Yeah, because art makes you feel good, or it looks really awesome, or it sounds amazing. The way you're using the word liberated seems to me to be different from the way the Buddha uses it. The pleasure of art is dependent upon passion. If one has no passion for sights, sounds, smells, tastes, tactile sensations or ideas and concepts then what's called art and what's called dirt on the ground is felt in the same way, one wouldn't seem more sublime than the other (although I suppose that's debatable). Dirt is something seen, a painting is something seen but when there's no passion for what's seen then a painting is just another sight, nothing special about it. Taking pleasure in art is just a higher form of sense pleasure than say, eating burritos. This isn't to bash on art, just saying that it is not something a bhikkhu should be focused on. I personally love surfing, I think it's way more awesome than any music, painting, or any other form of art that I might otherwise think is awesome, but I don't think bhikkhu's should be surfing because surfing encourages attachment to certain weather conditions and attachment to surfboards and wetsuits (if the water's cold), to the pleasant feelings of riding a wave, and to the look of good waves. However, the Buddha realized that even if one sees the drawbacks in sense pleasure, if one doesn't have another source of pleasure then they won't be able to turn away from sense pleasures like eating burritos, making art, looking at art or hearing art, surfing, or having sex. This is where jhana comes in, this is the sort of pleasure that bhikkhu's are afforded and it is one that is conducive towards the goal because it clears and stills the mind so that one can see things how they really are which induces dispassion, relinquishment, release, knowledge and vision of release, and total unbinding through lack of clinging.

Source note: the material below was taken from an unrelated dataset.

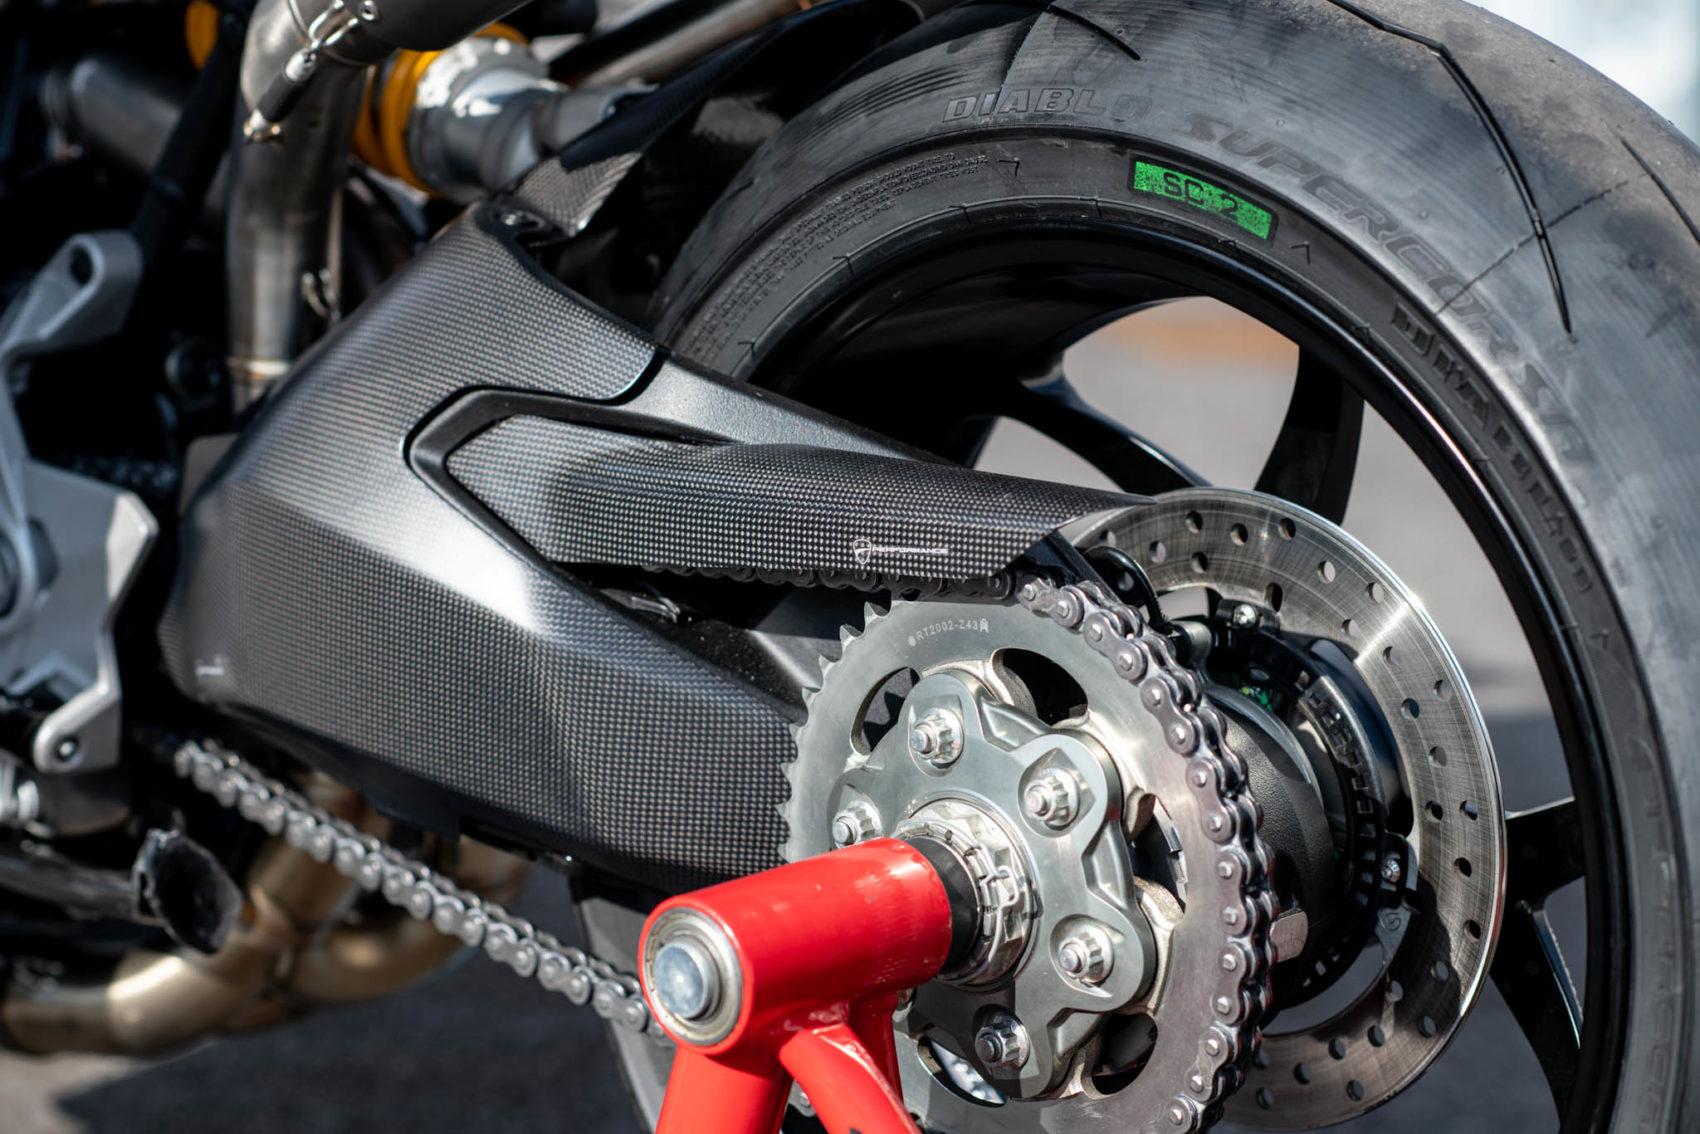 Ducati monobras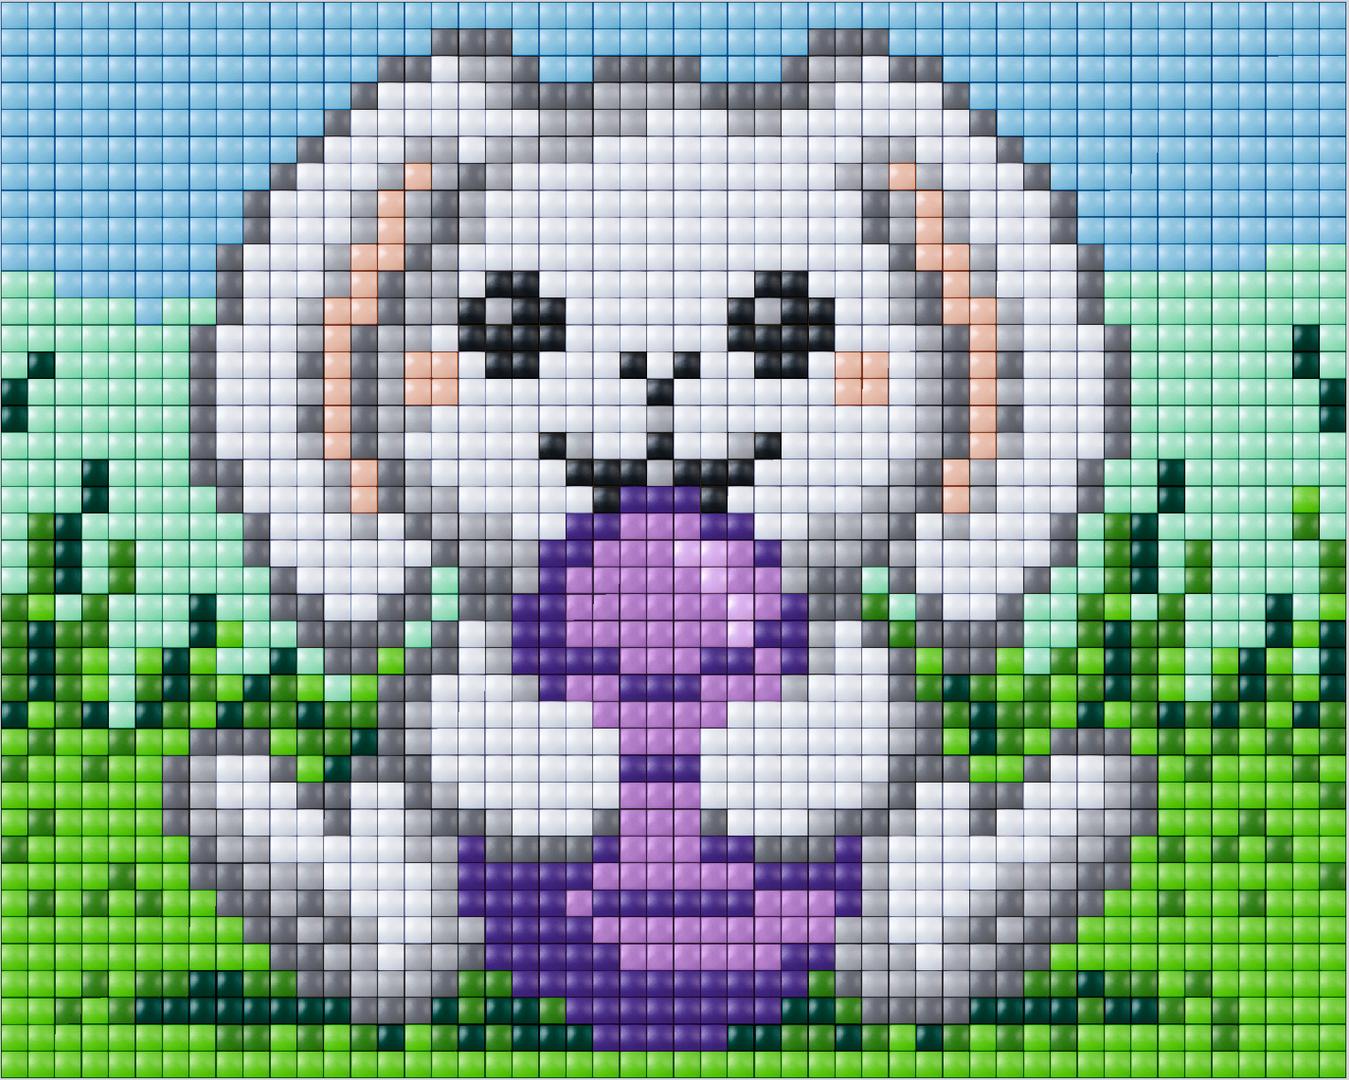 Rabbit_2x2L Pixel XL

(mind you, this is just my understanding, others' opinions may differ but it makes sense to me)
Last edited by polarbear101
on Sun Mar 17, 2013 6:40 am, edited 1 time in total.
"I don't envision a single thing that, when developed & cultivated, leads to such great benefit as the mind. The mind, when developed & cultivated, leads to great benefit."
"I don't envision a single thing that, when undeveloped & uncultivated, brings about such suffering & stress as the mind. The mind, when undeveloped & uncultivated, brings about suffering & stress."